On 2012年04月24日 03:47, Guido Günther wrote:
>Hi,
>On Sun, Apr 22, 2012 at 02:41:54PM -0400, Jim Paris wrote:
>>Hi,
>>
>>http://bugs.debian.org/663931 is a bug I'm hitting, where virt-manager
>>times out on the initial connection to libvirt.
>
>I reassigned the bug back to libvirt. I still wonder what triggers this
>though for some users but not for others?
>Cheers,
> -- Guido
>
>>
>>The basic problem is that, while checking storage volumes,
>>virt-manager causes libvirt to call "udevadm settle". There's an
>>interaction where libvirt's earlier use of network namespaces (to probe
>>LXC features) had caused some uevents to be sent that get filtered out
>>before they reach udev. This confuses "udevadm settle" a bit, and so
>>it sits there waiting for a 2-3 minute built-in timeout before returning.

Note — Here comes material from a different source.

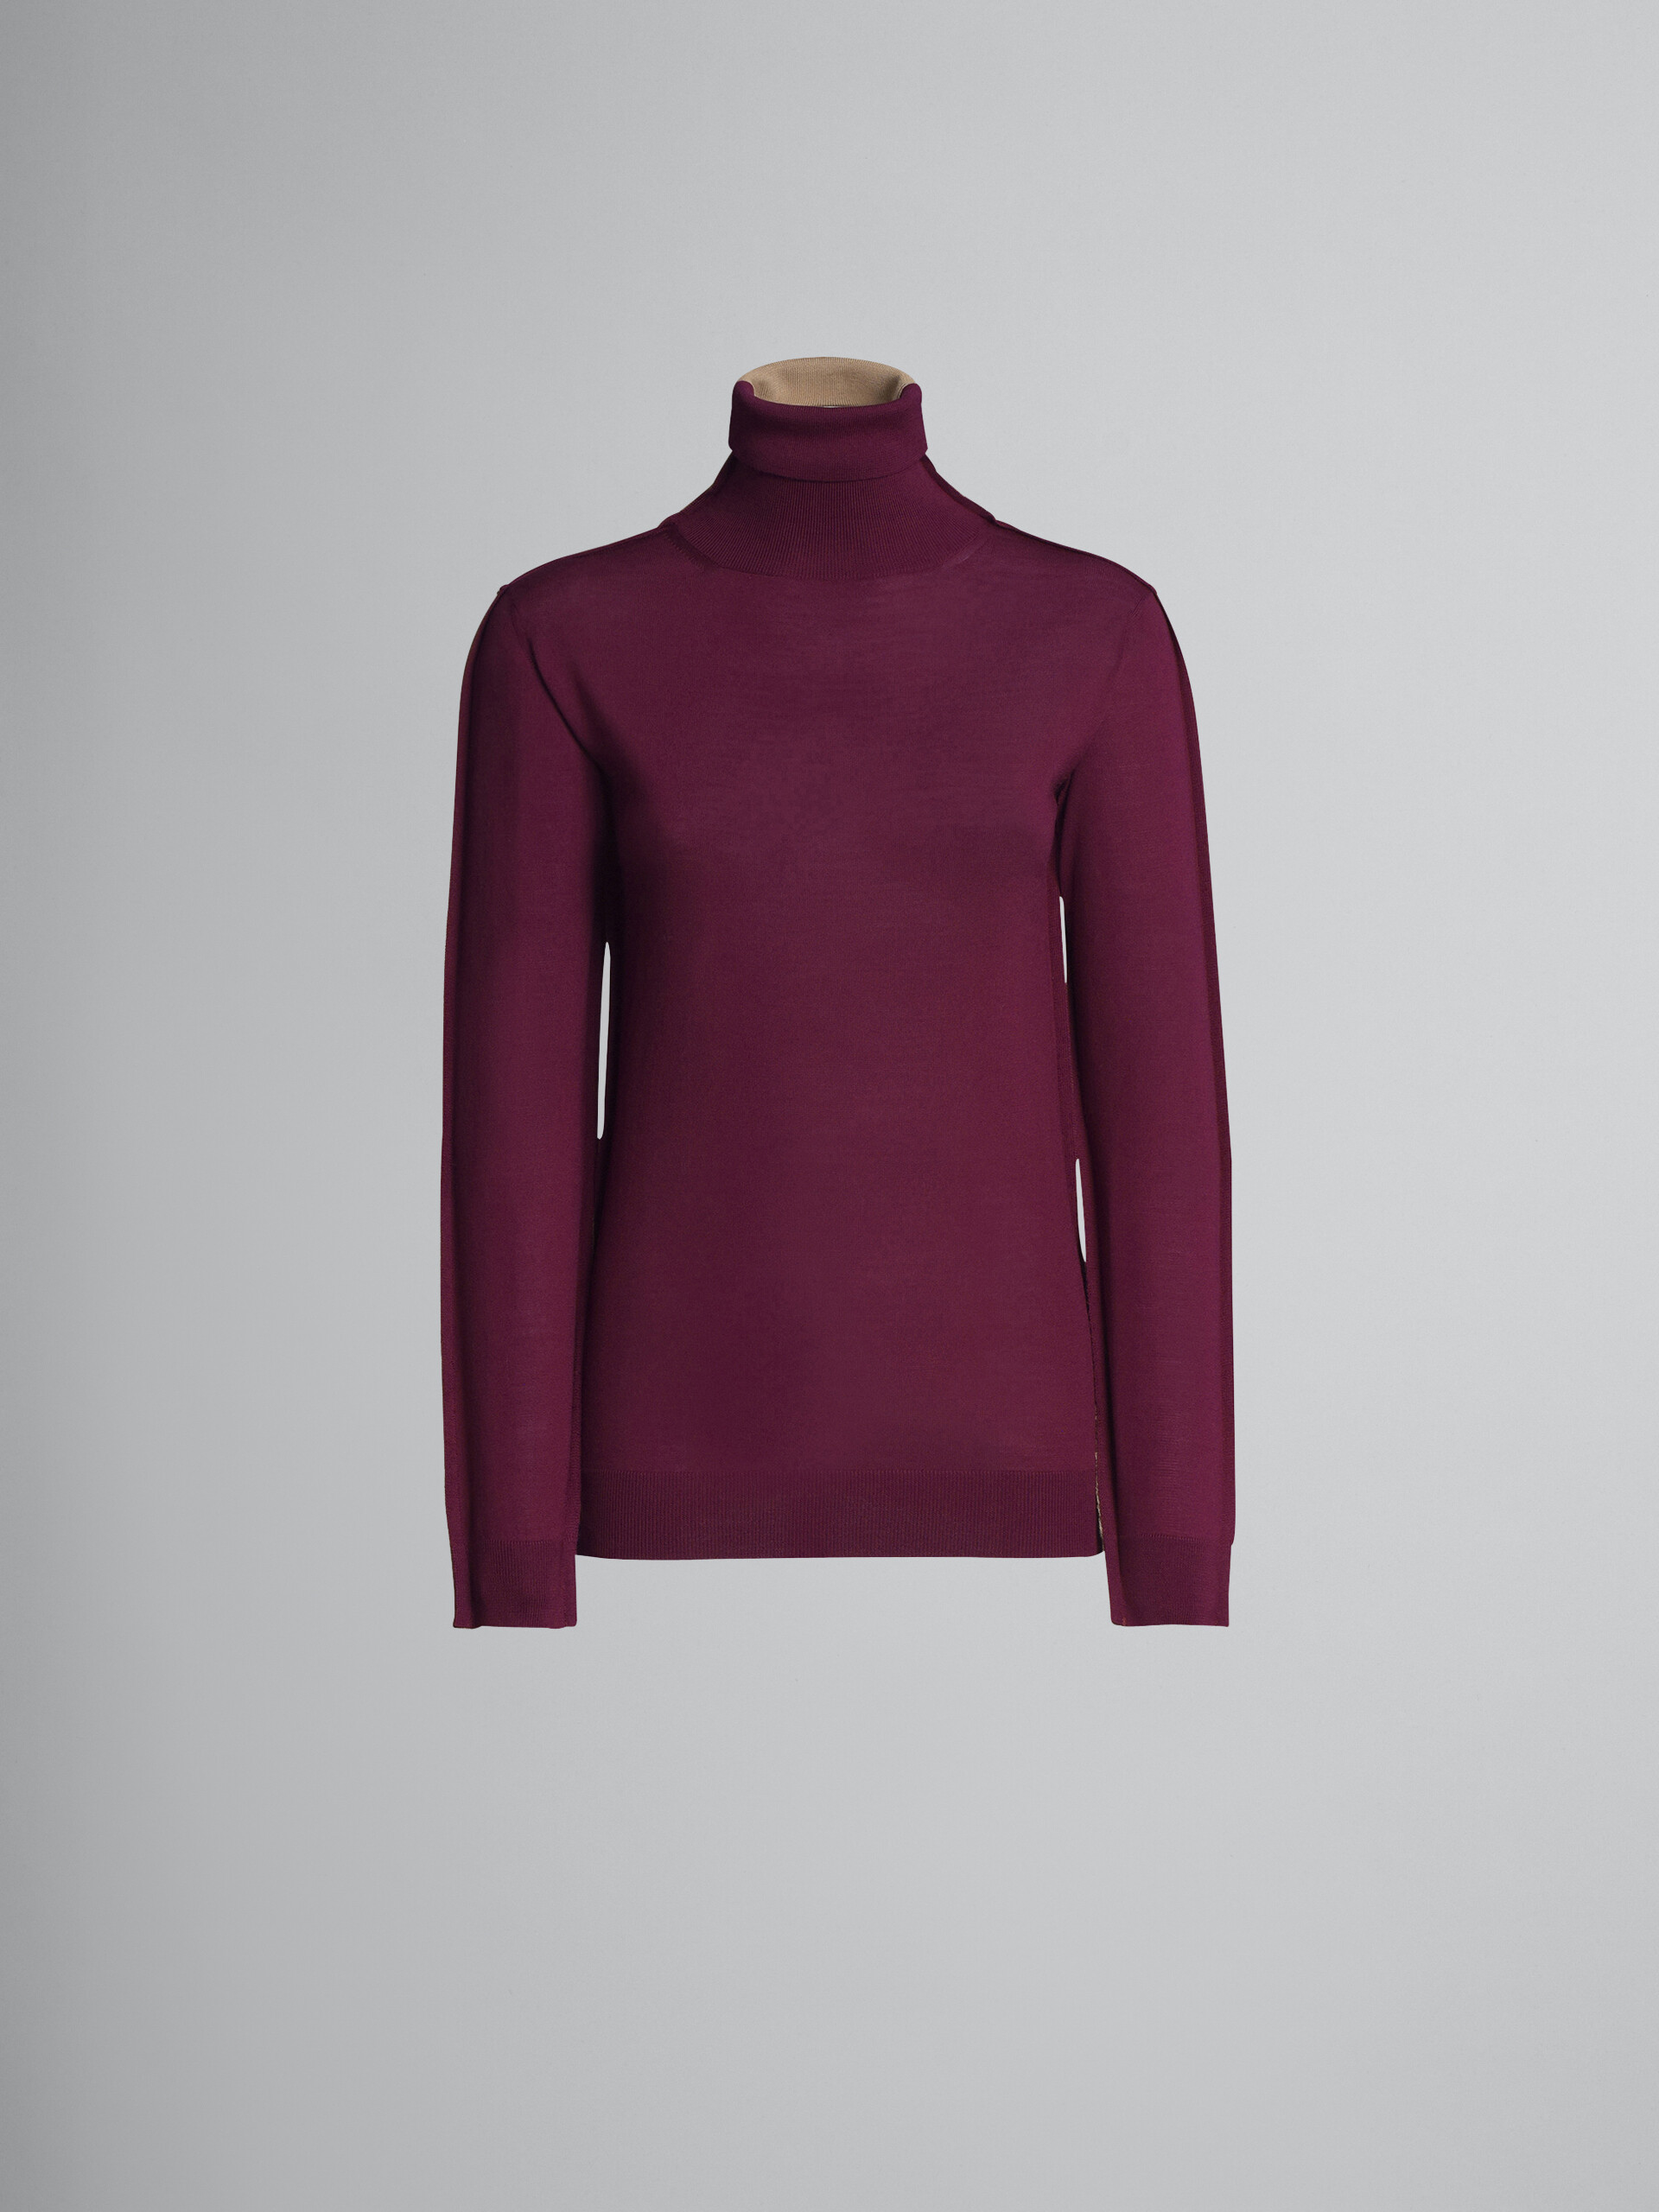 Wool turtleneck sweater - Pullovers - Image 1

>>Eventually libvirtd prints:
>> 2012-04-22 18:22:18.678+0000: 30503: warning : virKeepAliveTimer:182 : No
response from client 0x7feec4003630 after 5 keepalive messages in 30 seconds
>>and virt-manager prints:
>> 2012-04-22 18:22:18.931+0000: 30647: warning : virKeepAliveSend:128 : Failed
to send keepalive response to client 0x25004e0
>>and the connection gets dropped.
>>
>>One workaround could be to specify a shorter timeout when doing the
>>settle. The patch appended below allows virt-manager to work,
>>although the connection still has to wait for the 10 second timeout
>>before it succeeds. I don't know what a better solution would be,
>>though. It seems the udevadm behavior might not be considered a bug
>>from the udev/kernel point of view:
>>
https://lkml.org/lkml/2012/4/22/60
>>
>>I'm using Linux 3.2.14 with libvirt 0.9.11. You can trigger the
>>udevadm issue using a program I posted at the Debian bug report link
>>above.
>>
>>-jim
>>
>>> From 17e5b9ebab76acb0d711e8bc308023372fbc4180 Mon Sep 17 00:00:00 2001
>>From: Jim Paris<jim(a)jtan.com>
>>Date: Sun, 22 Apr 2012 14:35:47 -0400
>>Subject: [PATCH] shorten udevadmin settle timeout
>>
>>Otherwise, udevadmin settle can take so long that connections from
>>e.g. virt-manager will get closed.
>>---
>> src/util/util.c | 4 ++--
>> 1 files changed, 2 insertions(+), 2 deletions(-)
>>
>>diff --git a/src/util/util.c b/src/util/util.c
>>index 6e041d6..dfe458e 100644
>>--- a/src/util/util.c
>>+++ b/src/util/util.c
>>@@ -2593,9 +2593,9 @@ virFileFindMountPoint(const char *type ATTRIBUTE_UNUSED)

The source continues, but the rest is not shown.